Let’s assume that our desired outcome is flowing from turn to turn and that it is a good thing when skiing down the hill. Let’s also assume that flow means the coordinated movements of our bodies relative to our skis, with few, if any, major rebalancing or erratic movements to change direction and continue down the hill.
In the purest sense of these terms as goals, to achieve this we need to align our center of mass over our point of contact in such a way as to direct balance to the outside ski and resist all of the external forces pushing and pulling on us. In other words: We need to keep our feet between us and the snow, and not fall down.
As an aside, I use the words “over” and “under” in a frame of reference where my ski edges are always “down” and my center of mass is always “up.”
So, what does all of that have to do with “counter, square and getting a grip?” Everything. But it’s actually quite simple: you just have to be moving in the right direction. Let’s start with the picture of Kate “ripping” (see Figure 1) from her Snow Pro Tip (Winter 2009 NW Snowsports Instructor, page 13). Kate appears to be balancing over her outside ski, roughly in the middle of a turn, in the fall line and, if I know Kate, skiing fast. Let’s assume she is modeling good skiing – umm … yes, definitely!
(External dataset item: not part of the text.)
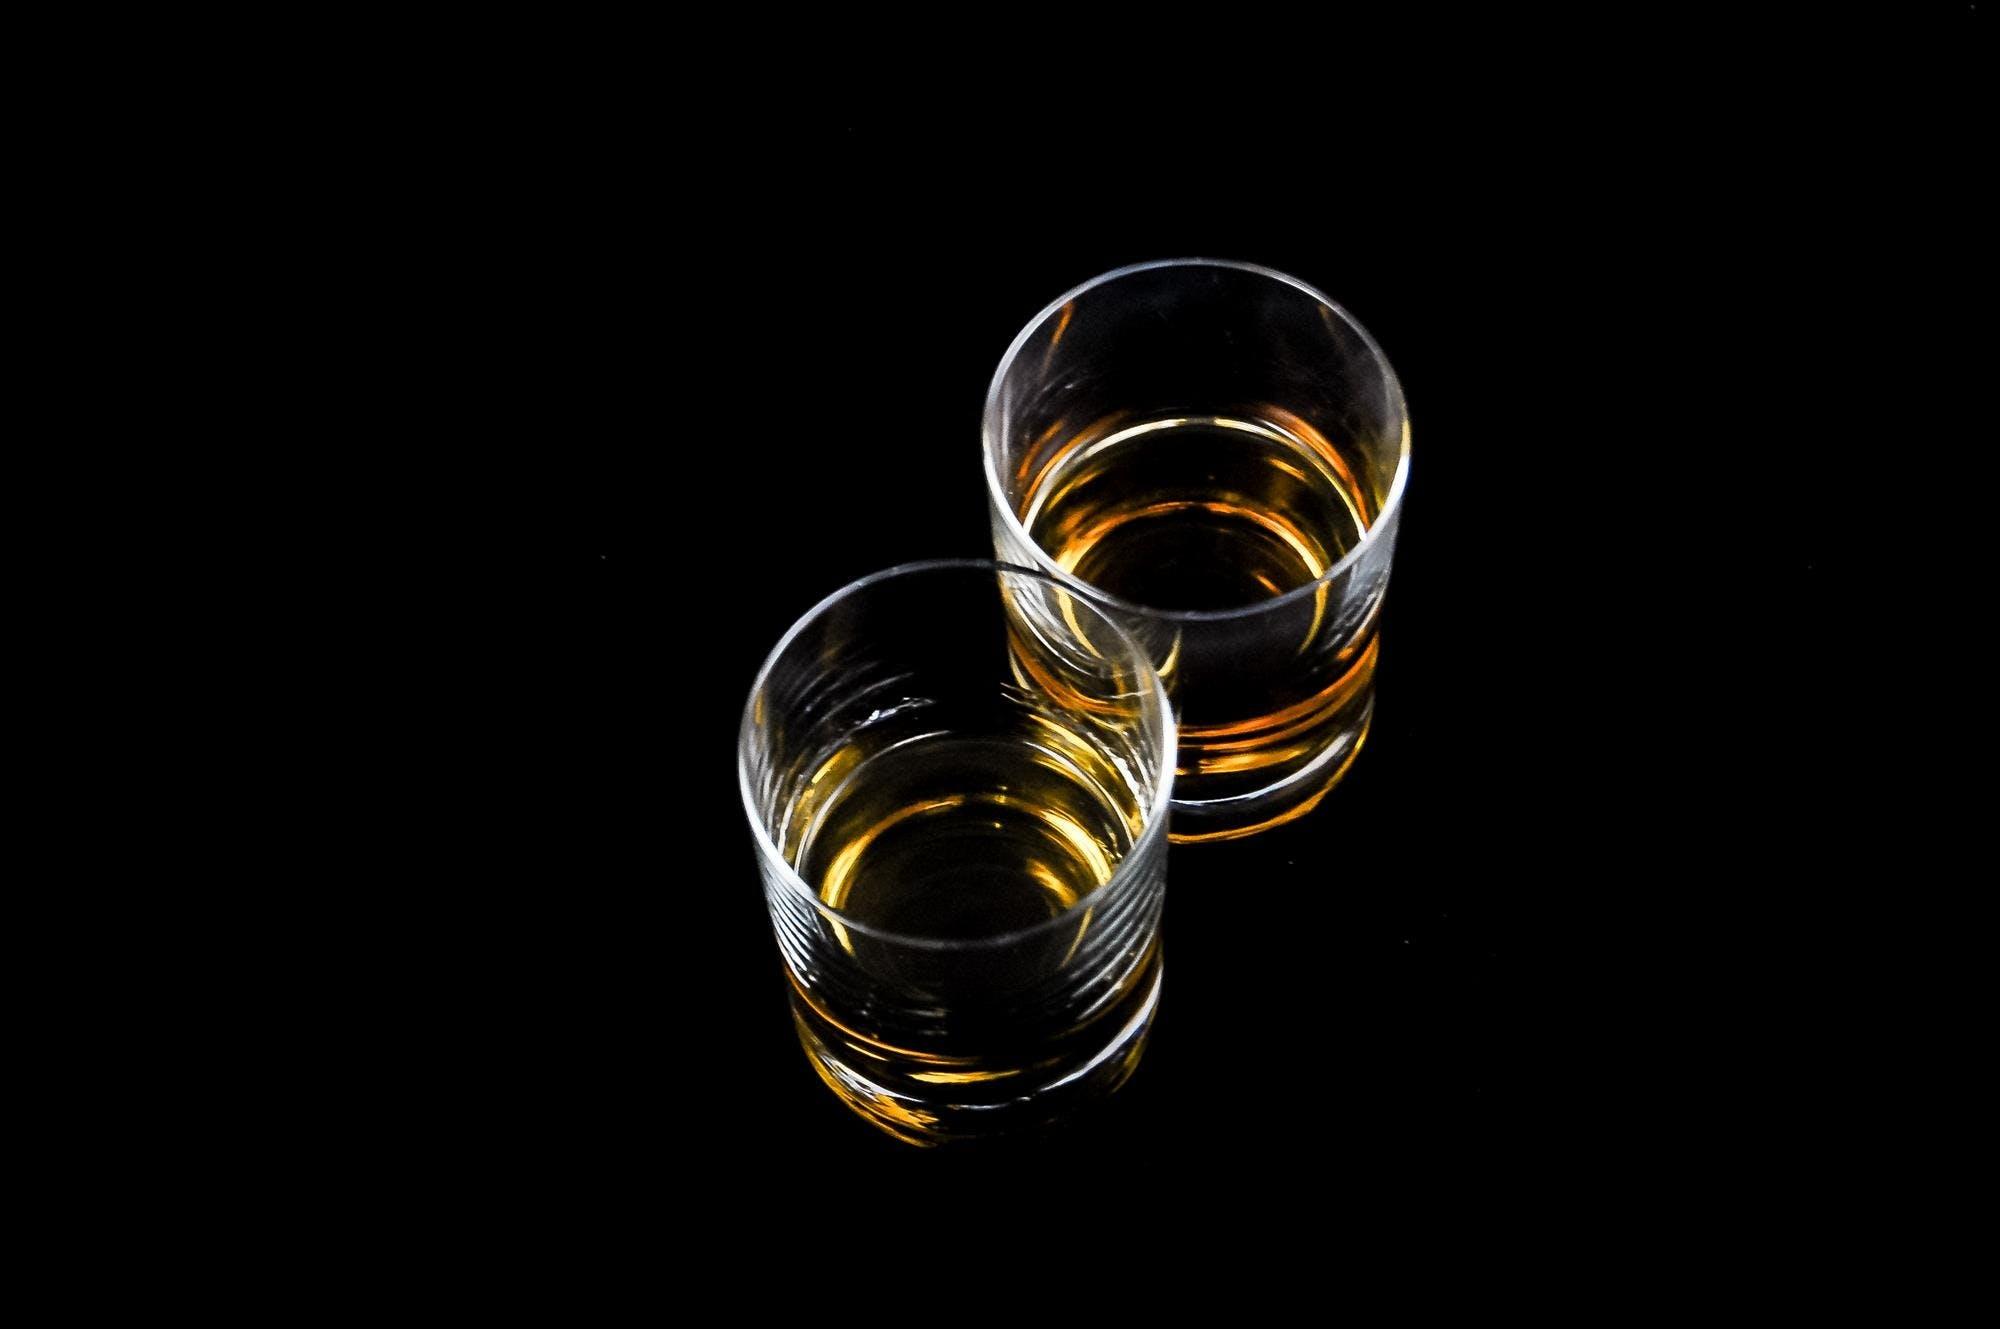 beber, bebida, bebidas alcohólicas

Let’s now go ahead and make some basic calculations based on a few more assumptions and determine how far to the inside her center of mass is from her outside edge in this photo.
First, how tall is Kate? I could measure her, but I just asked her. She is five-feet five-inches tall or 65 inches or 165cm. Note: 1 inch = 2.54 cm. OK, let’s draw some lines (see Figure 1).
The orange line [c] extends from her Point of Contact (PC) on the snow, which is the inside edge of her outside ski, up her outside leg to a point just slightly above the center of her pelvis, which we can use as a rough estimate for her Center of Mass (CM), indicated by the white circle. Note: The center of mass is actually a single point, but by using the circle target area allows you to visually approximate the center of mass in Kate and other skiers as well. The orange line continues from her CM to her shoulders [d] then to the top of her head [e]. The blue line [b] extends horizontally from her outside ski edge under her boot to the point under her hips that aligns vertically with the point used for her center of mass [a]. These two line segments intersect at 90 degrees.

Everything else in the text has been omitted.